An examination of § 13 of the Lien Law indicates that the mechanic's lienor will have priority over any type creditor, unrecorded or recorded, after commencement and within four months of completion of improvements to the property except for the case where there is another mechanic's lienor. In such case, the liens will be on a parity. N.Y.Lien Law § 13(1).

Since I find that the lien is not invalid against the trustee as of the date of the filing of the petition, and the other prerequisites for validity have been complied with as hereinbefore set forth, I hold the lien in question valid as against the trustee pursuant to § 67(c) (1) (B).
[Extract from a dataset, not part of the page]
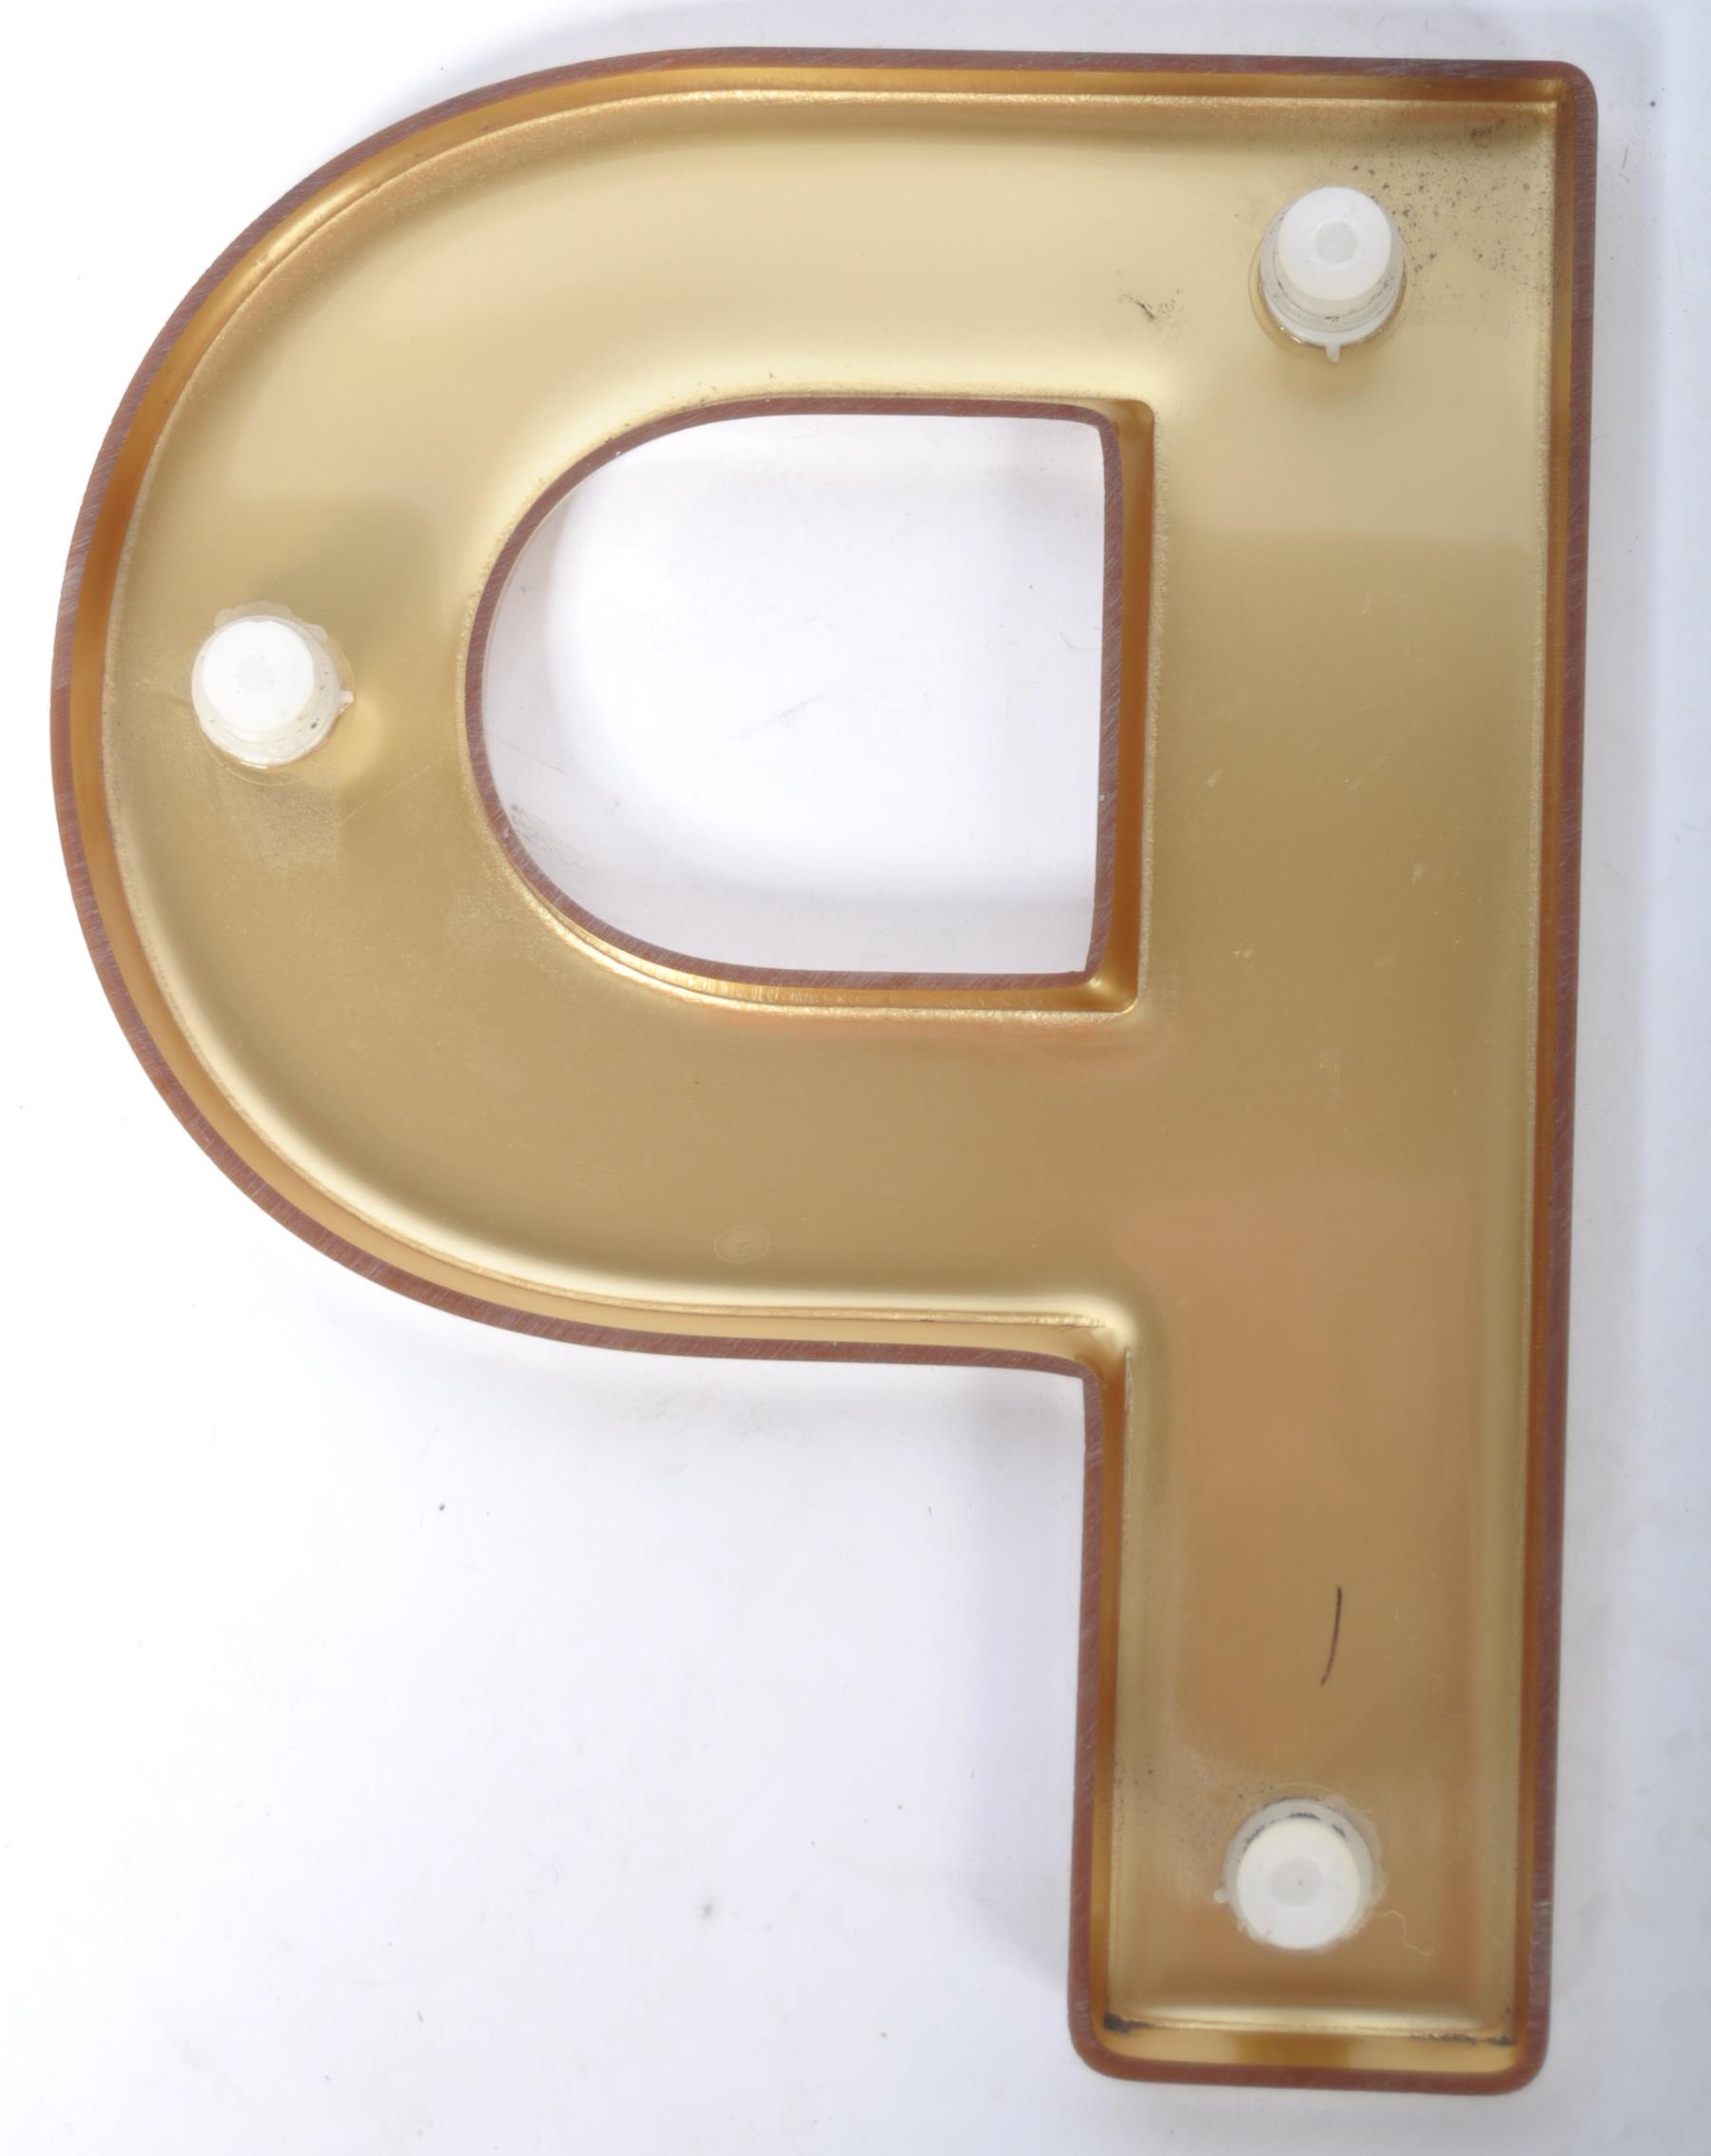 PRIVATE SHOP GOLD COLOURWAY ADVERTISING ACRYLIC LETTERS - Image 2 of 2

One other point warrants mention. Petitioner argues that the purpose of the 1966 amendments was to change the law "drastically * * * by extending to mechanic's liens the disqualifying provisions of § 67c which previously applied only to liens on personalty." Brief for Petitioner at 7. To the contrary, it would appear that the legislative intent was to provide for greater validity of liens. As stated by Professor King, "under former § 67c, almost all statutory liens were effectively invalidated, except those that existed on real property. Under present § 67c * * * statutory liens, without reference to the type of property concerned, will be mostly effective against the trustee." King, Post-Bankruptcy Perfection of Statutory Liens, 72 Com.L.J. 346, 347 (1967) (footnotes omitted and emphasis added).

In reaching the decision herein, I have kept in mind the broad equity powers of the bankruptcy courts. It is the opinion of this Court that Congress did not intend to change existing law as it related to mechanic's liens under the New York Lien Law. Indeed, requiring these lienors to file notices of their liens immediately after delivery in order to protect their interests would be most impractical. This is not the type of security interest that "is so tenuous that it can be defeated by transfer to a bona fide purchaser."

For the foregoing reasons, I find the Referee's decision to be correct and, accordingly, it is confirmed.

So ordered.

NOTES

[1] A statutory lien is defined in § 1(29a) of the Act, 11 U.S.C. § 1(29a), as "a lien arising solely by force of statute upon specified circumstances or conditions, but shall not include any lien provided by or dependent upon an agreement to give security, whether or not such lien is also provided by or is also dependent upon statute and whether or not the agreement or lien is made fully effective by statute."